Tuning a PID with extraneous noise on the error signal

In summary, the conversation discusses the issue of measurement noise in a servo loop to stabilize a parameter. The main question is whether there are tricks or limits to compensate for this type of noise, and the conversation delves into the use of PID control and considerations for laser power measurements. There is also a discussion on the importance of accurately measuring the parameter and minimizing noise in the measurement process.
  • #1
Twigg
Science Advisor
Gold Member
893
483
TL;DR Summary
Are there sneaky tricks for compensating for measurement noise in a PID servo?
Hi all! Forgive the sloppiness of this post, I'm on the road.

Suppose you have a servo loop to stabilize parameter X. The issue is, when you measure X, you introduce some measurement error (let's say its white noise for the sake of argument). The noise causes a potential problem: since the error signal now contains some noise signal that is uncorrelated with X, the servo will end up adding this noise to X. I feel like this is a situation which must have been studied extensively. Is there a standard limit on servo performance in the presence of this kind of measurement noise? Are there fancy tricks to get past this limit?

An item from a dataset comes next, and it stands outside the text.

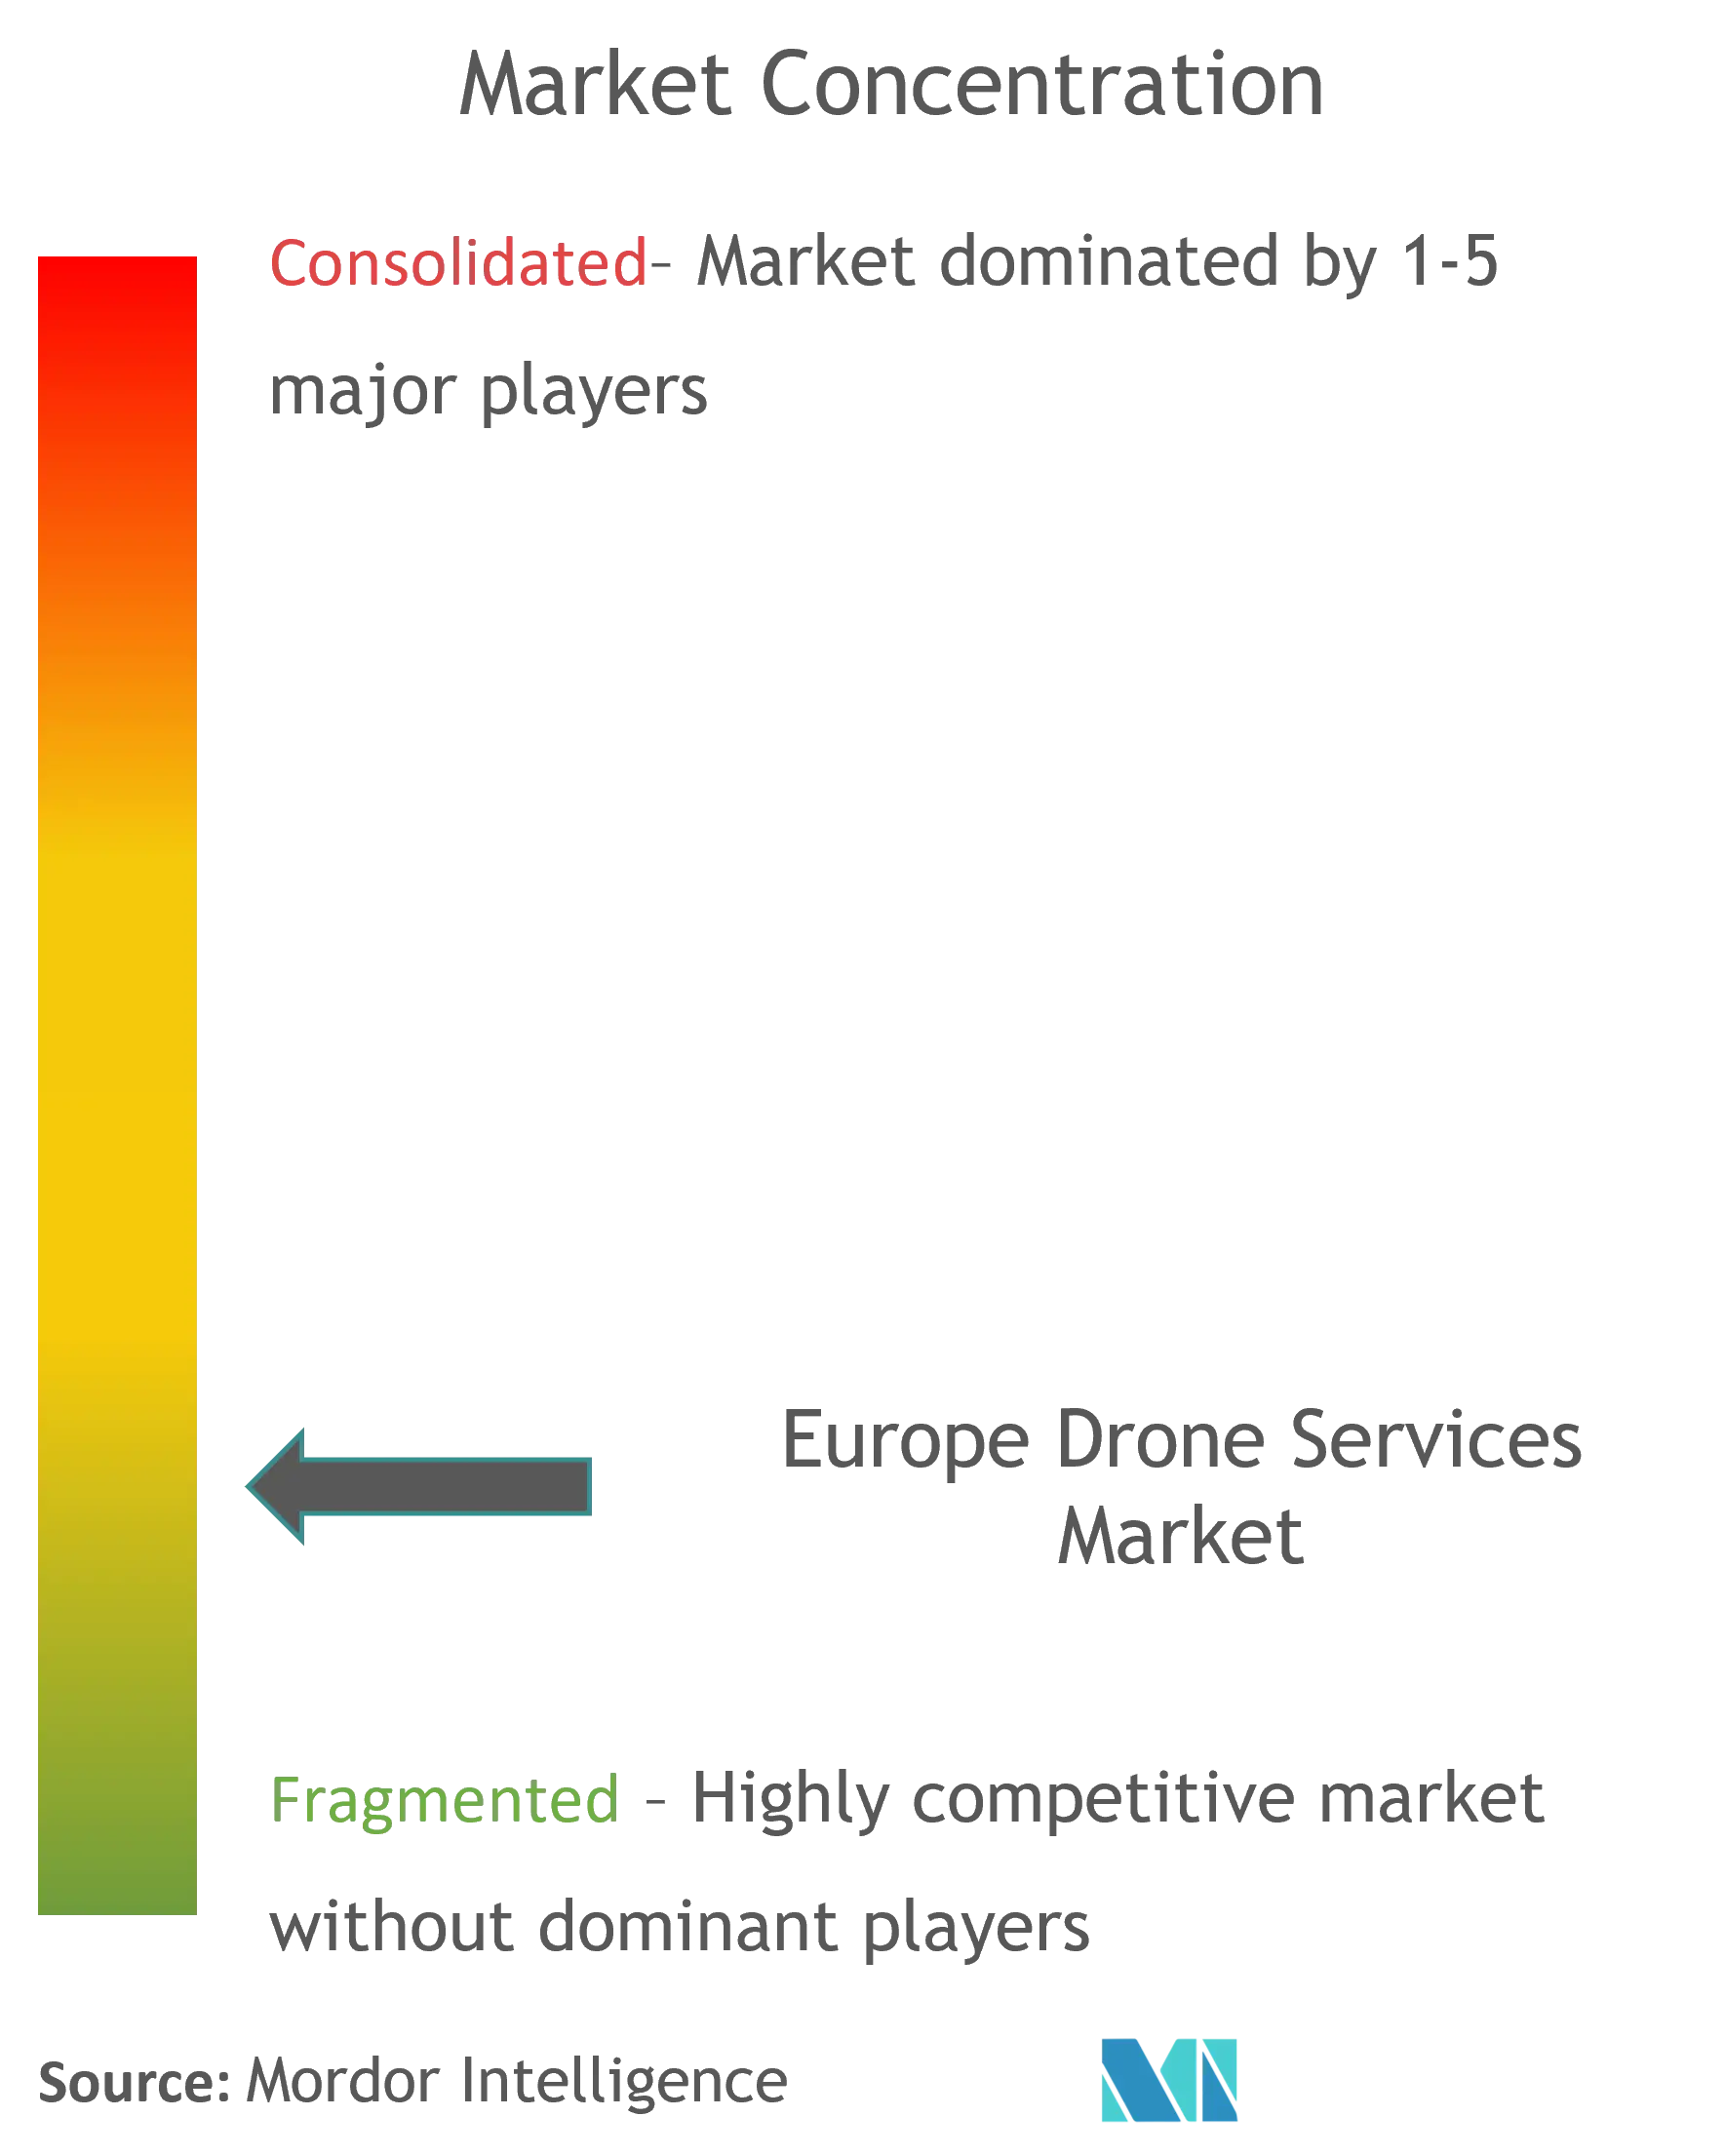 europe drone services market updated CL.png

For a simple example, X might be laser power as measured on a photodiode. The servo controller reads the photodiode voltage and adjusts some laser settings to correct the optical power. Suppose the photodiode voltage is DC + white noise (the white noise being shot noise from the diode, thus uncorrelated with the optical power).

My specific case is stabilizing residual amplitude modulation (aka RAM) for an electro-optic modulator (EOM). I can get into the nuts and bolts if you like, just let me know in a reply. Alternatively, here's a paper: https://arxiv.org/abs/1710.08575
 
Engineering news on Phys.org
  • #2
How much D have you set in your PID? The integral action I is intrinsically a low pass filter. Therefore it attenuates all high frequency components of noise.

Derivative action D on the other hand amplifies high frequency signal. If D is high, then you may need something to remove the noise first.

But better still, set the D gain to zero. In almost all control loops, PI control is adequate. The D portion is needed only in exceptional cases.

You should also find that PI is must easier to tune than PID.
 
  • Like
  • Informative
Likes DaveE, Bystander and Twigg
  • #3
Twigg said:
Summary:: Are there sneaky tricks for compensating for measurement noise in a PID servo?
Is there a standard limit on servo performance in the presence of this kind of measurement noise? Are there fancy tricks to get past this limit?
The low-pass loop filter, after the difference detector, needs to be long enough in time to reduce the effects of the noise.
 
  • Informative
  • Like
Likes DaveE and Twigg
  • #4
I have a bad habit of saying PID when I mean to say PI. No derivative gain in my case. That was insightful though, thanks anorlunda.

Based on these replies, am I right to think that uncorrelated 1/f noise would pose a more significant problem than uncorrelated white noise?

Edit: after a little thought, I realized my question could be answered by adding D gain. However, am I right to think that the worst case scenario is when your uncorrelated noise (the photodiode noise in the example above) has the same spectral density as fluctuations in the parameter to be stabilized (laser power fluctuations in the example above)?
 
  • #5
Not sure about 'worst,' but that is a classic 'how do I pick the pepper out of this fly-dang?'

I'm not familiar with the specifics of your situation, but I have found that a useful first step is to ask myself:

How tight does my control of the process variable need to be?
How fast can it reach that limit?
What is the nature of the real PV error (drift / random...).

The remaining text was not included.